Добавить в цитаты Настройки чтения

Страница 6 из 12

Переход из подполья на солнечную сторону отдалил Володю от уцелевших народовольцев, зато сблизил с Асей. Похожая на камею девушка перестала появляться на собраниях молодых террористов; следуя за Володей, она с облегчением забыла туда дорогу. Ася по-прежнему желала добра всему миру, желала совершенного успеха борцам за справедливость – но следить за этой борьбой хотела со стороны, выглядывая из-за сильной спины Володи Хавкина. Того же, собственно говоря, она желала всей душой, скучая на собраниях подпольщиков. Вера Фигнер, с её командирской повадкой, представлялась ей исчадием ада; Ася Рубинер была прямейшей противоположностью бесповоротной бандитки.

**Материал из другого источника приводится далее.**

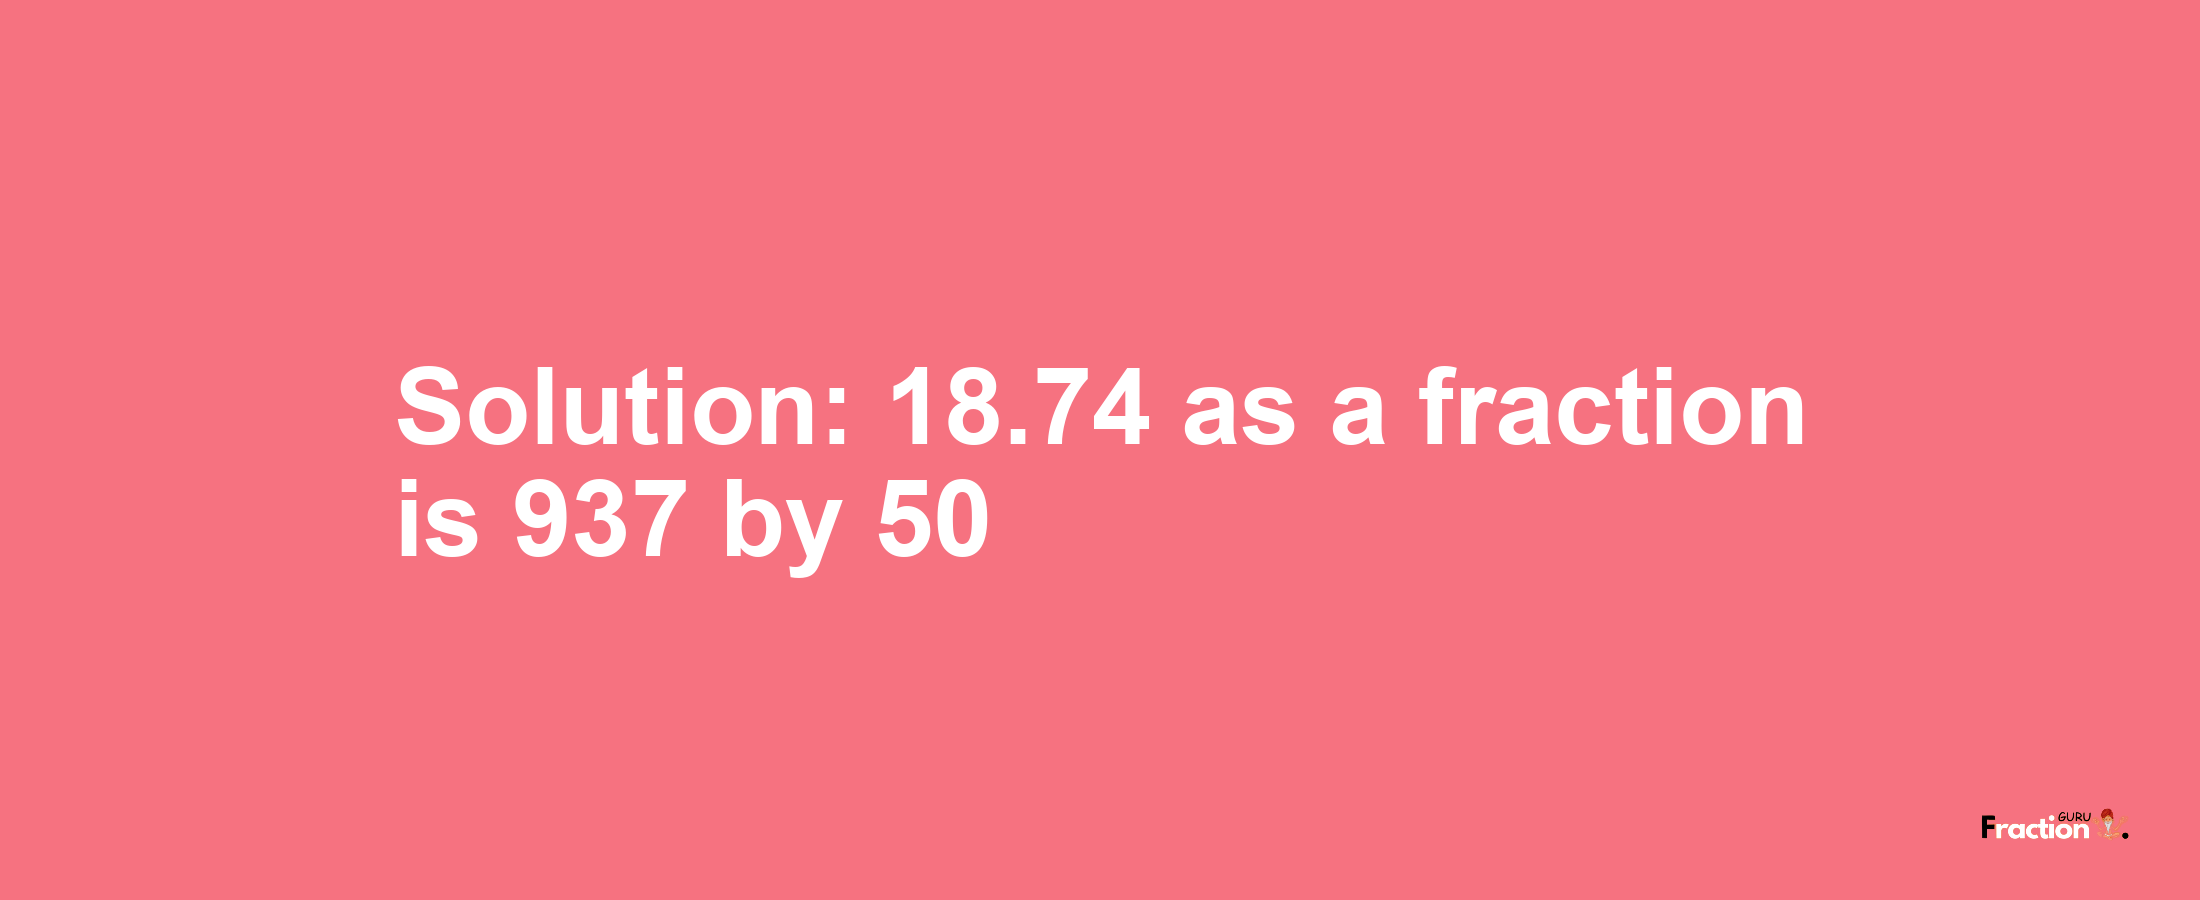 Solution:18.74 as a fraction is 937/50

Тем временем угроза ареста поднадзорного Хавкина не только не рассеивалась, но и сгущалась. Володю дважды задерживали «по ошибке», трижды вызывали на допрос. Охранка не собиралась выпускать его из своего поля зрения: угодив туда однажды, человек оставался там навсегда. «Бывших неблагонадёжных не бывает» – эта аксиома действенна во все времена, во всяком случае, пока режим не рухнет в свой час и не развалится на части; после этого поднадзорные, как правило, становятся надзирающими.

Хавкина травили, и эта откровенная травля изматывала его нервы. Скрыться от неё и спрятаться где-нибудь в глухомани, как предлагала Ася, было невыполнимо: нашли бы и посадили за то, что оставил место постоянного проживания, не предупредив жандармское управление. Можно было, получив разрешение, перебраться в затхлую провинцию, в Бердянск, к тишайшим папе и маме, но там опальному студенту подработать репетиторством было куда сложней, чем в толерантной Одессе, а садиться на родительскую шею Володя не планировал. Оставался открытым, а вернее, полуоткрытым один ход – за рубеж, в край свободы, уже завоёванной и утвердившейся без помощи одесских народовольцев. Эту тему, из здравых опасений, Володя ни с кем не обсуждал, даже, до поры до времени, с Асей – не потому, что не доверял её скрытности, а по той причине, что, в случае побега за рубеж с морскими контрабандистами, девушка, помахав ему на прощанье мокрым от слёз платком, осталась бы куковать на берегу в полном одиночестве.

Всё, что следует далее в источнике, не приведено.